# MATERIAL PROVIDED:
= = =

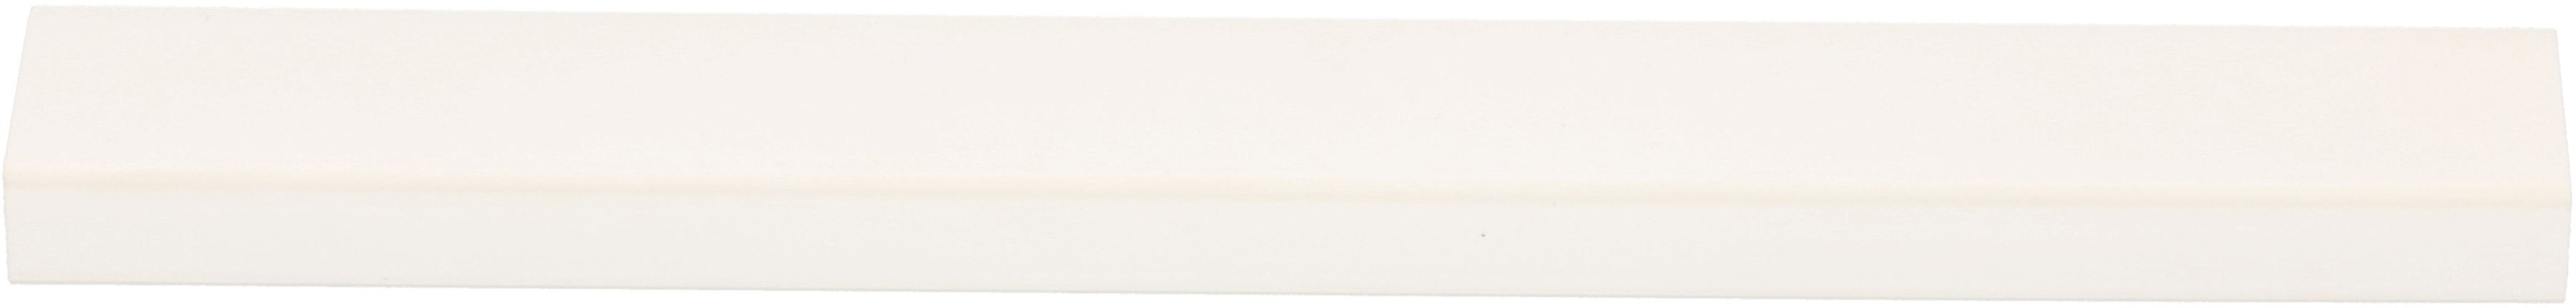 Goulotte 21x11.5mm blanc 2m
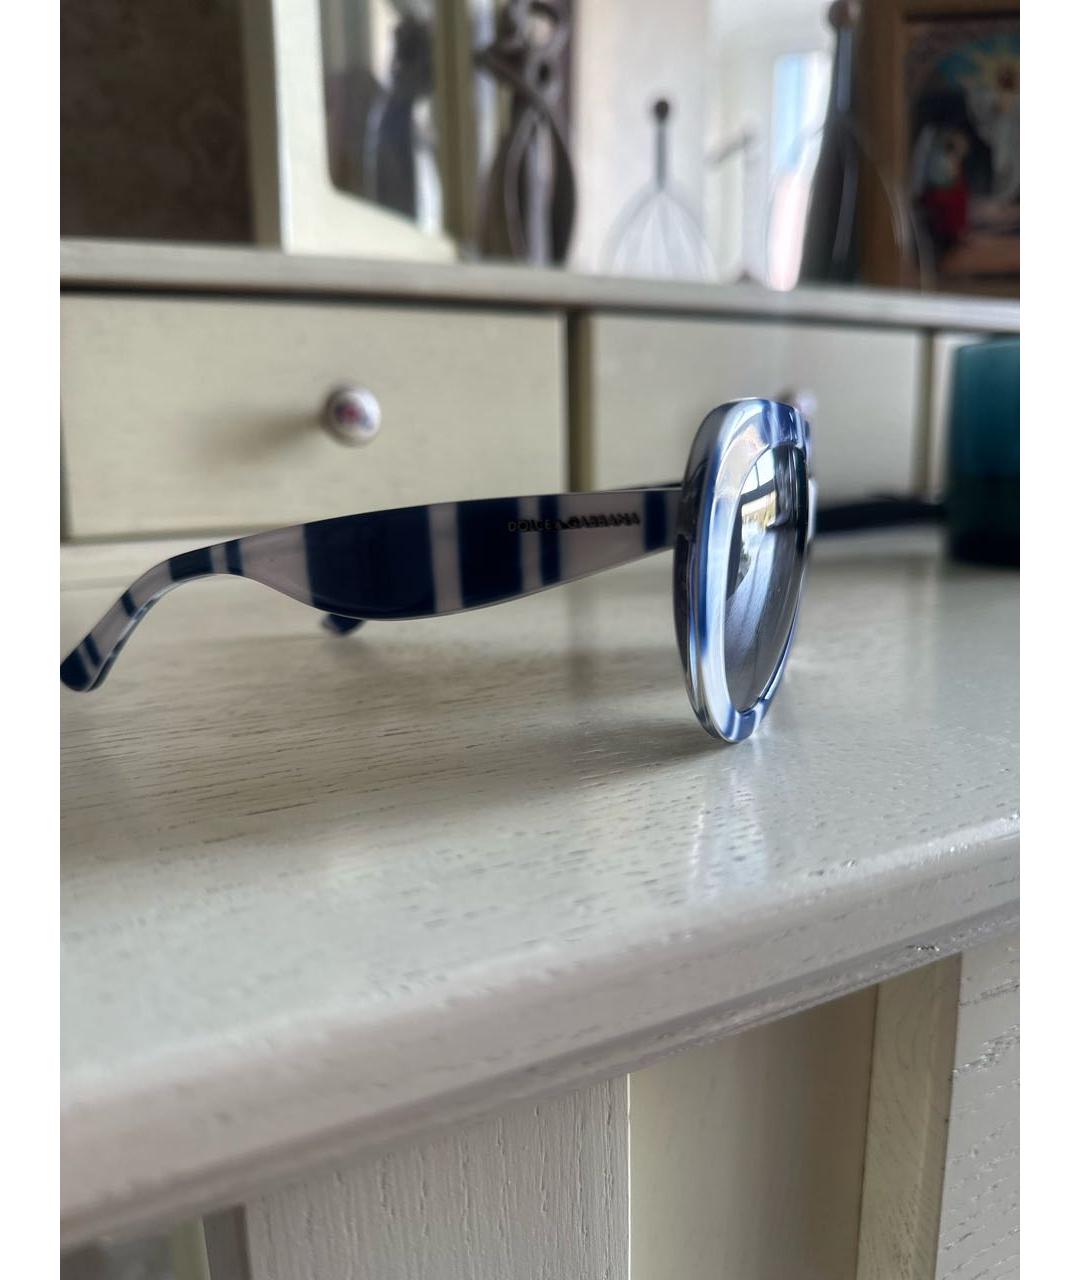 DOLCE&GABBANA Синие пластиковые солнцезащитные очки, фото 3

= = =

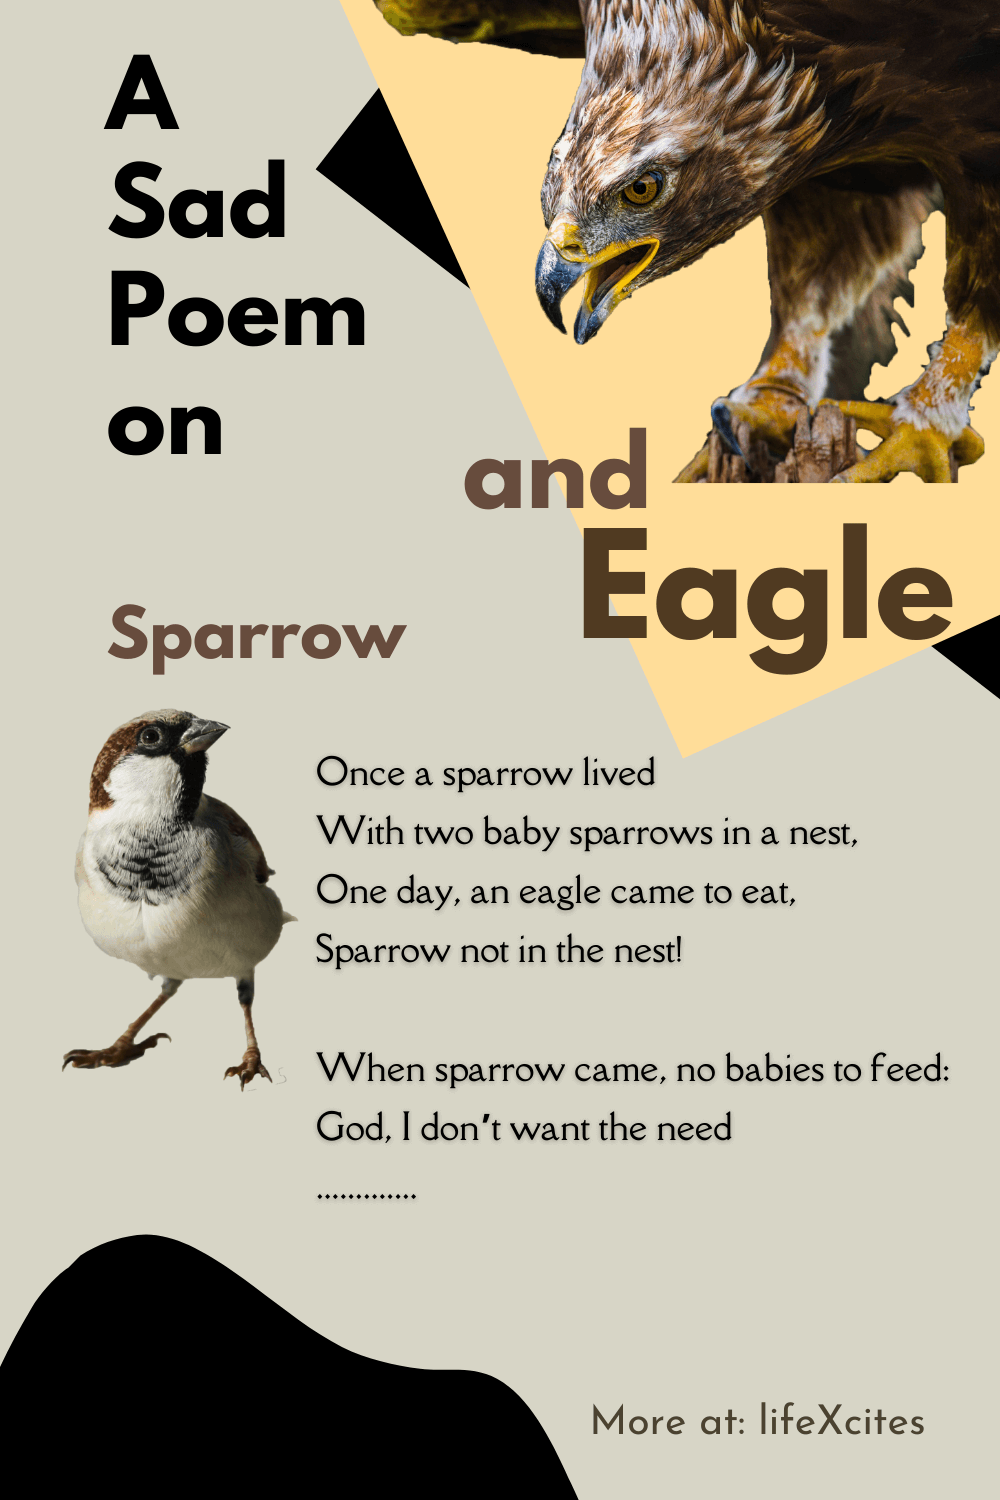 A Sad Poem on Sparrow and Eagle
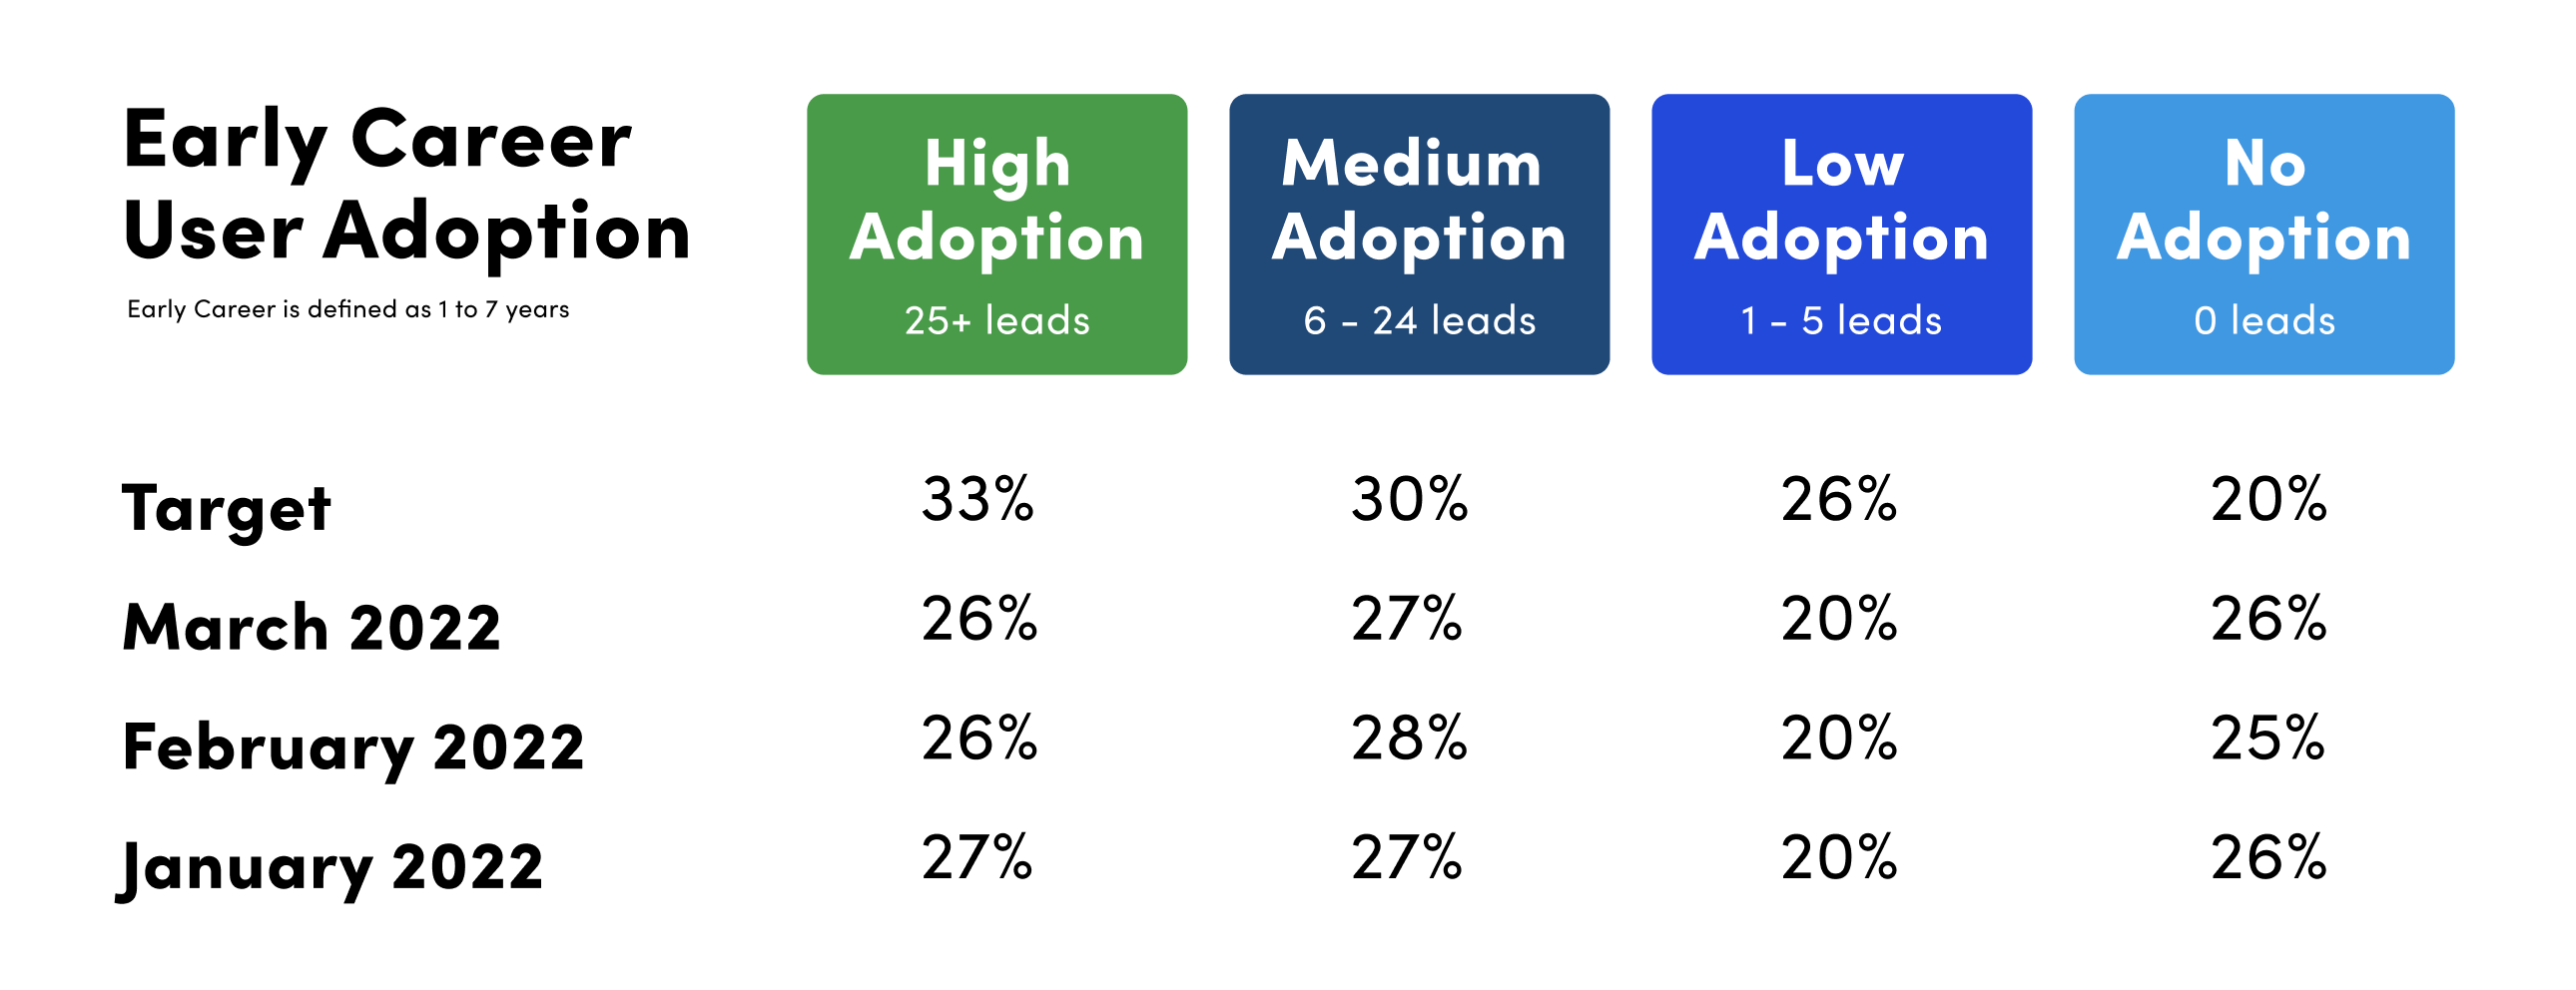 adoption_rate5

= = =

# HOW TO COMPLETE THIS TASK:
An exact transcription is needed of the lines from the one with "Goulotte 21x11.5mm blanc 2m" to the one with "DOLCE&GABBANA Синие пластиковые" above, both ends included, with pictures left out.

# OUTPUT OF THE EXERCISE:
 Goulotte 21x11.5mm blanc 2m
 DOLCE&GABBANA Синие пластиковые солнцезащитные очки, фото 3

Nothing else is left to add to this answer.